ECLI:NL:CRVB:2014:388

Centrale Raad van Beroep

Datum uitspraak
5 februari 2014
Publicatiedatum
11 februari 2014
Zaaknummer
13-482 AWBZ-T
Instantie
Centrale Raad van Beroep
Type
Uitspraak
Rechtsgebied
Bestuursrecht; Socialezekerheidsrecht
Procedures
  • Hoger beroep
Rechters
Vindplaatsen
  • Rechtspraak.nl
AI samenvatting door LexboostAutomatisch gegenereerd

Tussenuitspraak inzake afwijzing verlenging indicatie voor Begeleiding groep (BG) door CIZ

In deze tussenuitspraak van de Centrale Raad van Beroep, gedateerd 5 februari 2014, wordt de afwijzing van de verlenging van de indicatie voor de functie Begeleiding groep (BG), klasse 6, door de Stichting Centrum Indicatiestelling Zorg (CIZ) behandeld.
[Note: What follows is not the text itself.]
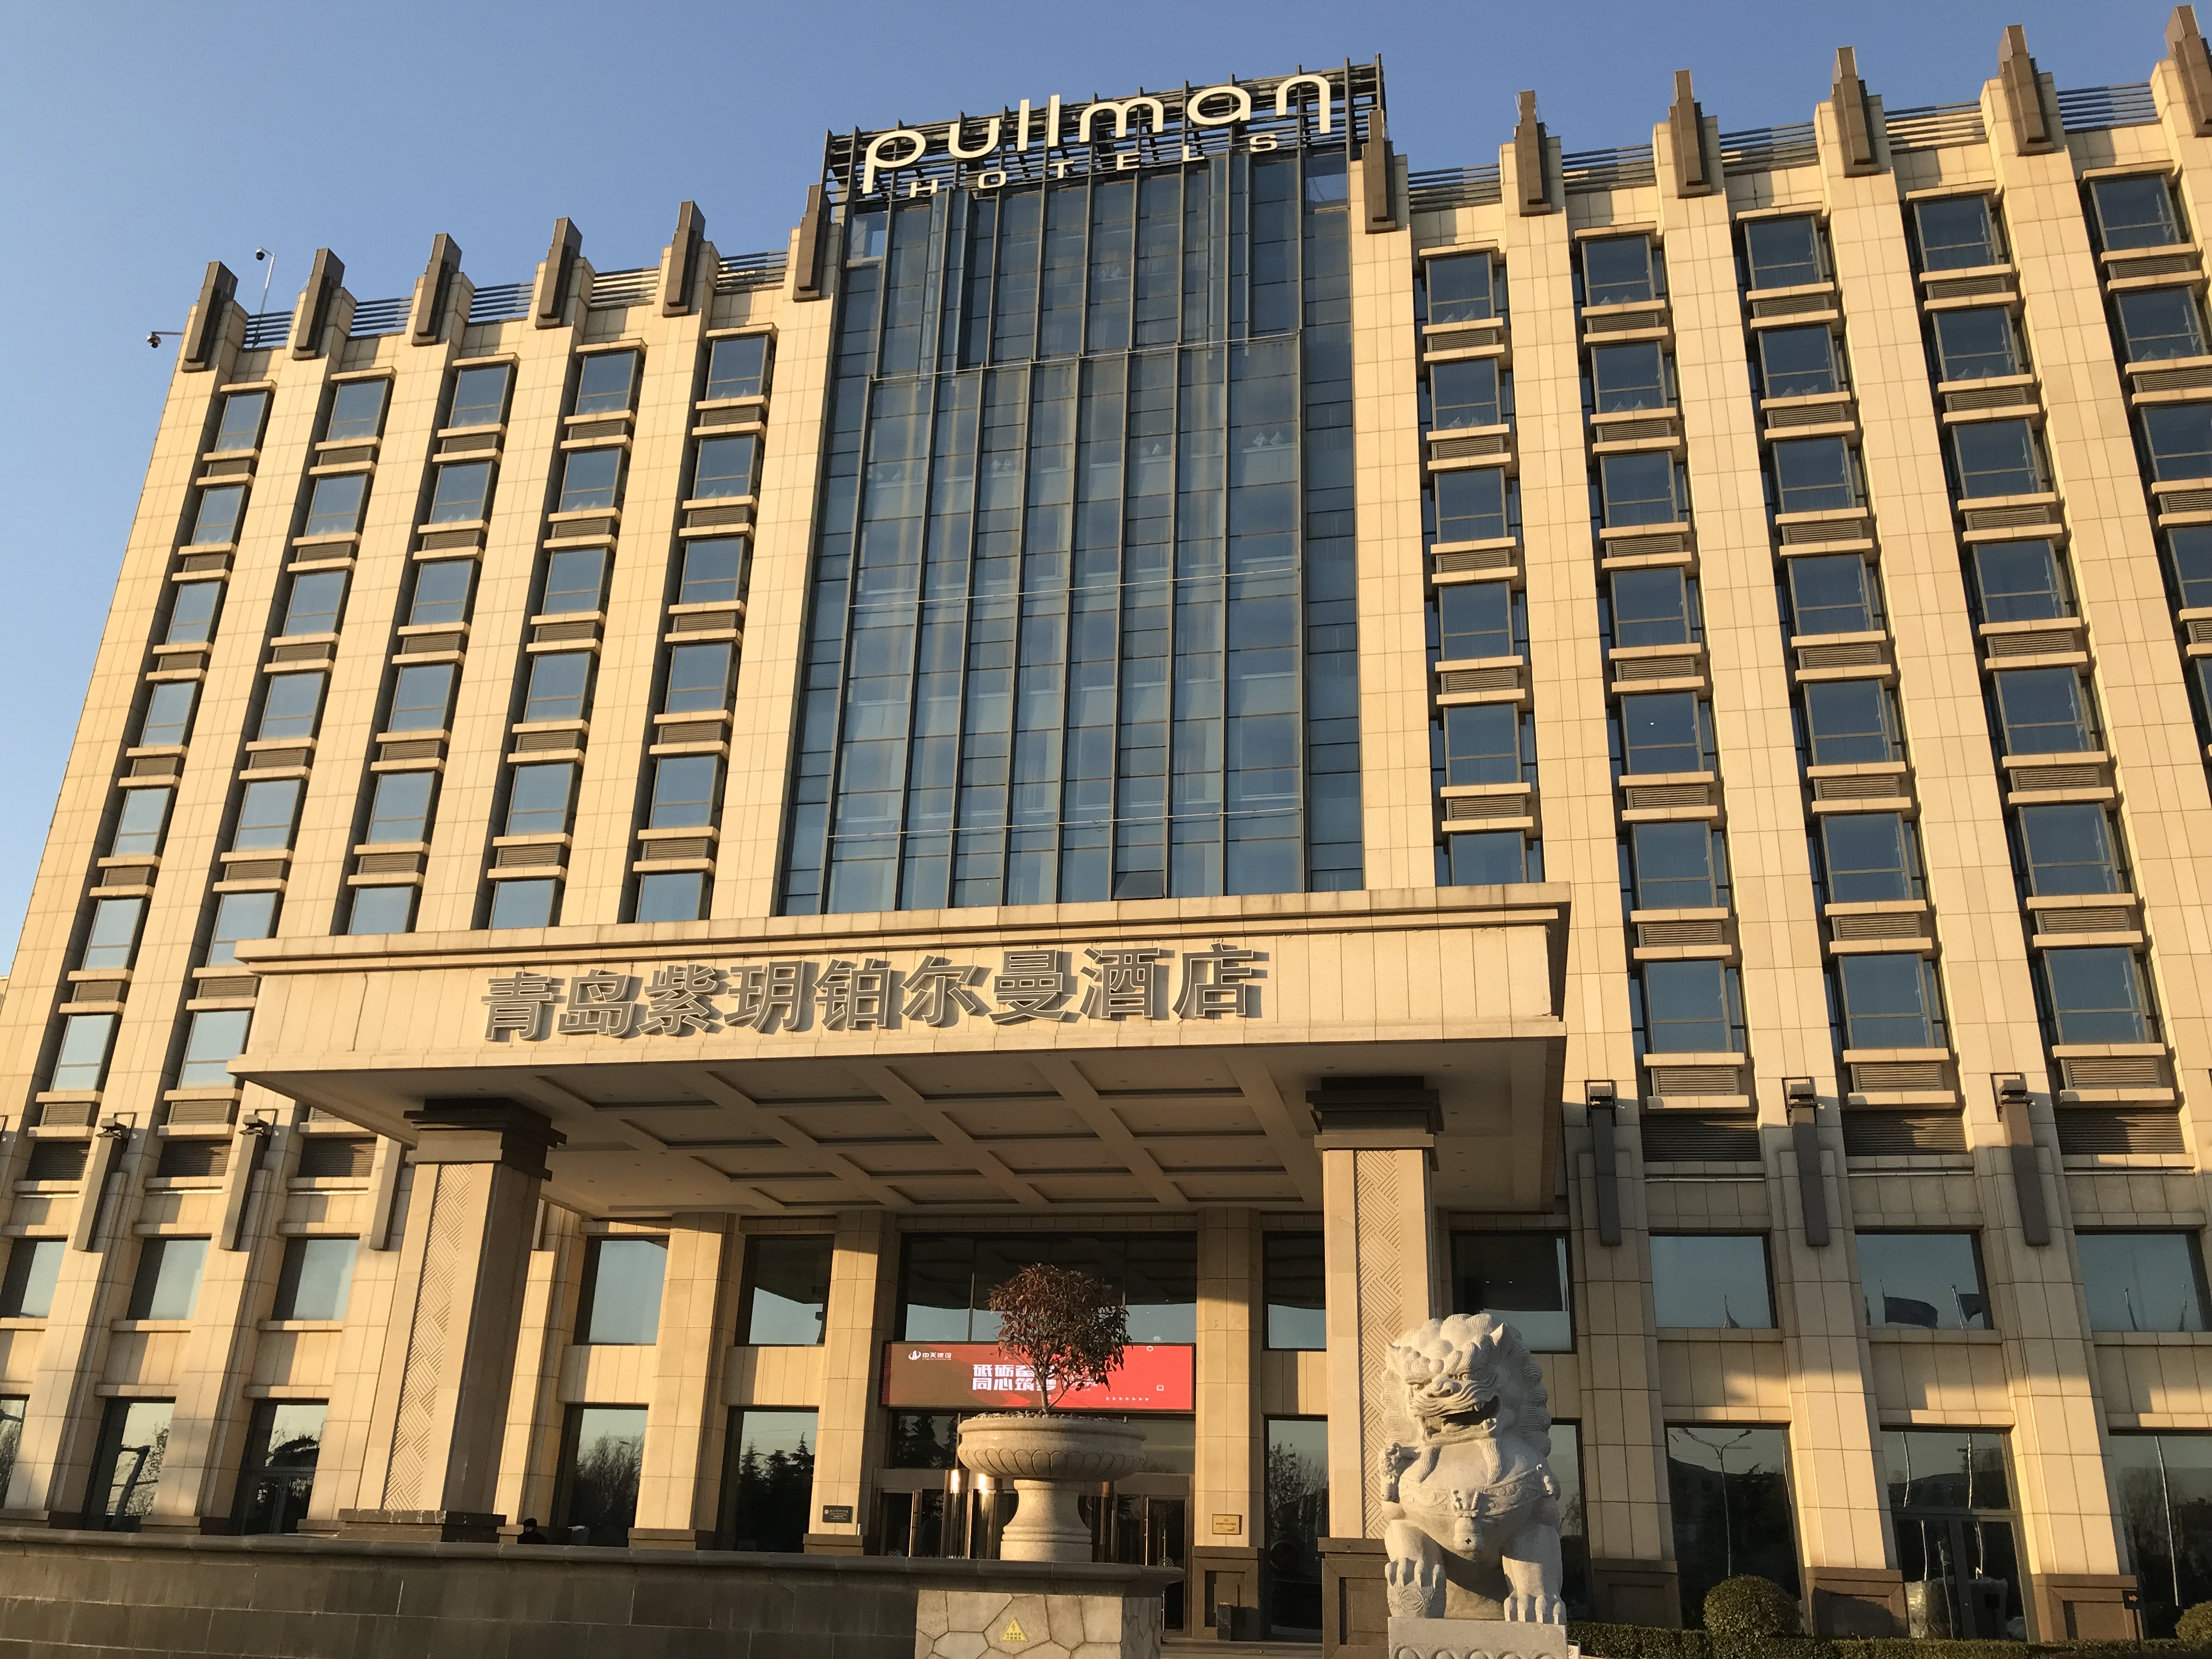 【中国】プルマン青島ズーユエ(青岛紫玥铂尔曼酒店)宿泊記!アクセスやホテル内の様子

Appellante, geboren in 1950, heeft een geschiedenis van angst- en stemmingsproblematiek. In 2010 werd een indicatie aangevraagd op basis van de Algemene Wet Bijzondere Ziektekosten (AWBZ), maar de aanvraag voor verlenging in 2011 werd door CIZ afgewezen. CIZ stelde dat appellante niet voldeed aan de criteria voor zorg onder de AWBZ, en dat er onvoldoende medische onderbouwing was voor de indicatie.

De rechtbank Rotterdam verklaarde het beroep van appellante tegen deze afwijzing ongegrond, maar appellante ging in hoger beroep. De Centrale Raad van Beroep oordeelt dat CIZ niet heeft voldaan aan de onderzoeksplicht zoals neergelegd in het Zorgindicatiebesluit (Zib). De Raad wijst op de noodzaak van aanvullend onderzoek naar de psychische aandoeningen van appellante, die door verschillende psychologen zijn vastgesteld. De Raad concludeert dat het bestreden besluit van CIZ berust op onvoldoende onderzoek en gebrekkige motivering, en draagt CIZ op om het gebrek in het besluit te herstellen.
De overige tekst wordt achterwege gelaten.